Of course, and as usual, the postponements have been granted in the name of the economy. Forcing
compliance with air quality standards now, so the argument goes, would allow insufficient time for
compliance and cost too much.
However, industry has had plenty of time to plan and implement pollution control technologies. In
fact, since 2004, companies have had 11 years of grace in which to adapt their plants.
Instead of cleaning up their act, SA’s big industrial concerns such as Eskom, Sasol and Engen did
nothing — forcing a showdown with the Department of Environmental Affairs. Last Tuesday, the
department blinked and climbed down from Mandela’s promise.
In the contest between bonuses for CEOs and special share dividends, and the health of South
African citizens, the government went for the cash.

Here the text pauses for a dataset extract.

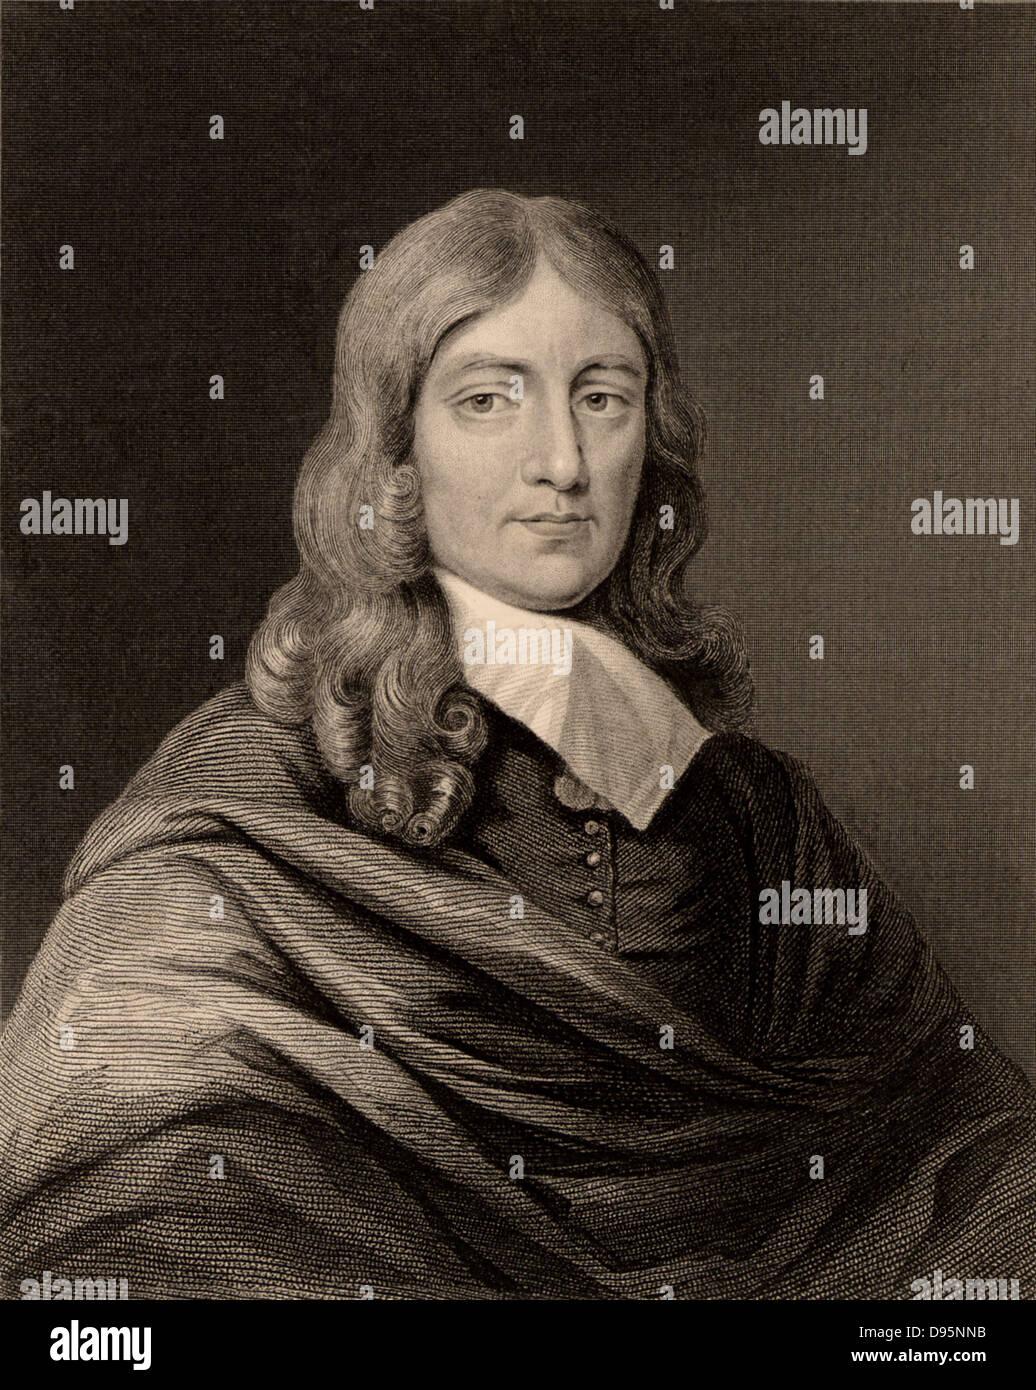 John Milton (1608-1674) English poet, born at Cheapside, London. Engraving.  British Literature - Stock Image

More alarmingly, in the postponements that were granted, the government does not admit to the
true reality that this is not a five-year reprieve, but rather a permanent reprieve, and that the
government will have to pick up the cost of Eskom’s pollution as people become ill and put strain on
the health system, or put strain on the economic system as they are too sick to work.
Ask the very many people who have been turned away from jobs in the Highveld and on mines
because they do not pass the entrance medical — essentially, they are too sick to work.
The government has provided an answer about air quality to the people of the Highveld, south
Durban, the Vaal, Johannesburg and other polluted areas.
The answer to polluting factories, power plants and refiners is simply and sadly for ordinary people
to suffer, to cough, to develop chronic respiratory illnesses such as asthma and bronchitis, to be
vulnerable to diseases such as tuberculosis, to suffer various cancers and to bear children with birth
defects, and in some cases to die prematurely — all in the name of profit and energy for industry.
• Peek is a director at groundWork. Taylor is co-ordinator at Earthlife Africa Johannesburg.